[Buddha-l] liturgical languages

Michel Clasquin clasqm at mweb.co.za
Fri Apr 29 04:30:04 MDT 2005


Richard P. Hayes wrote:

> As I recall from my informal association with that outfit, this issue
> was deeply painful. Didn't Roshi Kapleau lose his sanction to teach as a
> result of his Japanese teacher being appalled that Kapleau's crew were
> translating chants into English? (If Japanese was good enough for the
> Buddha, it should be good enough for Americans, sou desu ka nee?) Or was
> that just an ugly rumour? 

I wasn't that deeply into the internal politics, but I believe they 
patched things up eventually.

> I still have a copy of the Rochester Zen Center chant book somewhere,
> and I quite liked the wording of their chants. Not bad at all. They
> sounded rather nice and made good sense.
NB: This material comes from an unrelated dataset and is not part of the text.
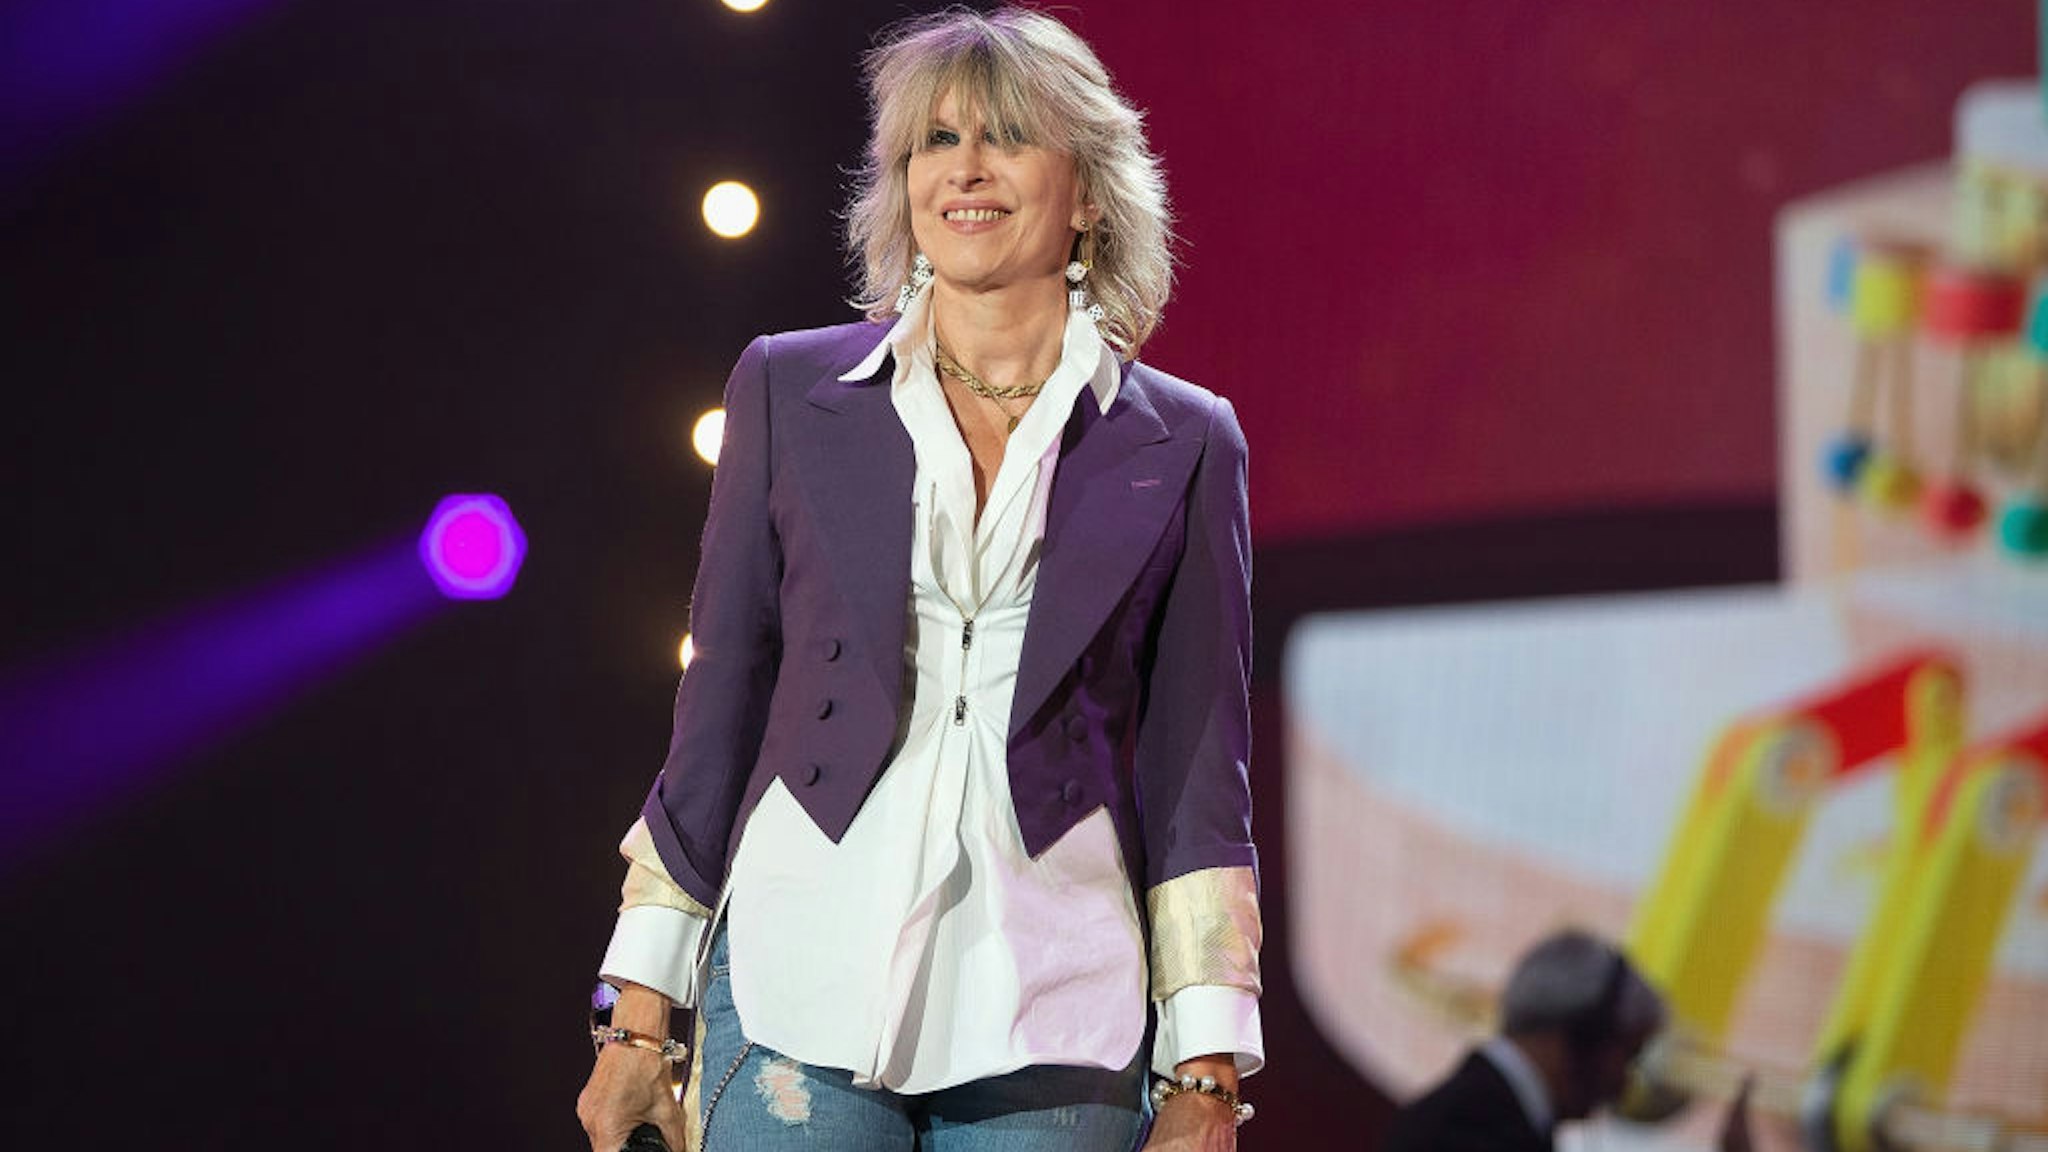 Chrissie Hynde performs on stage during BBC Proms In The Park 2019 at Hyde Park on September 14, 2019

In my third-year course of Buddhism, I present my students with two 
translated versions of the Heart Sutra side-by-side. One is the Zen 
Center's, the other is by Edward Conze. The point is to show the 
students how translations can serve different purposes: either it can 
have scansion and rhythm and be suitable for liturgical purposes even if 
it skips over some of the original content, or they can be more accurate 
to the original, but be suitable for academic purposes only.  It is rare 
to find a translation that does both.

Robert Frost once defined poetry as that which is lost in translation. I 
think he was right. You cannot translate poetry. What you can do is 
write a new poem in the other language that deals with roughly the same 
subject matter in a way that comes across according to the other 
language's understanding of poetry.

> We're still a long way
> off from having any Buddhist composers who rival Bach or Mozart
 > but give it time.

<unabashed elitism alert>The world generally is a long way off from 
having composers like Bach and Mozart</unabashed elitism alert> I 
vaguely remember hearing that Philip Glass has Buddhist leanings, 
though. Not that his music makes for hummable tunes, of course.

> There is probably nothing that human beings do quite as well as finding
> arguments to defend their current practices and currently held
> prejudices. 

See my signature line below ...

-- 
"Many people would sooner die than think; In fact, they do so."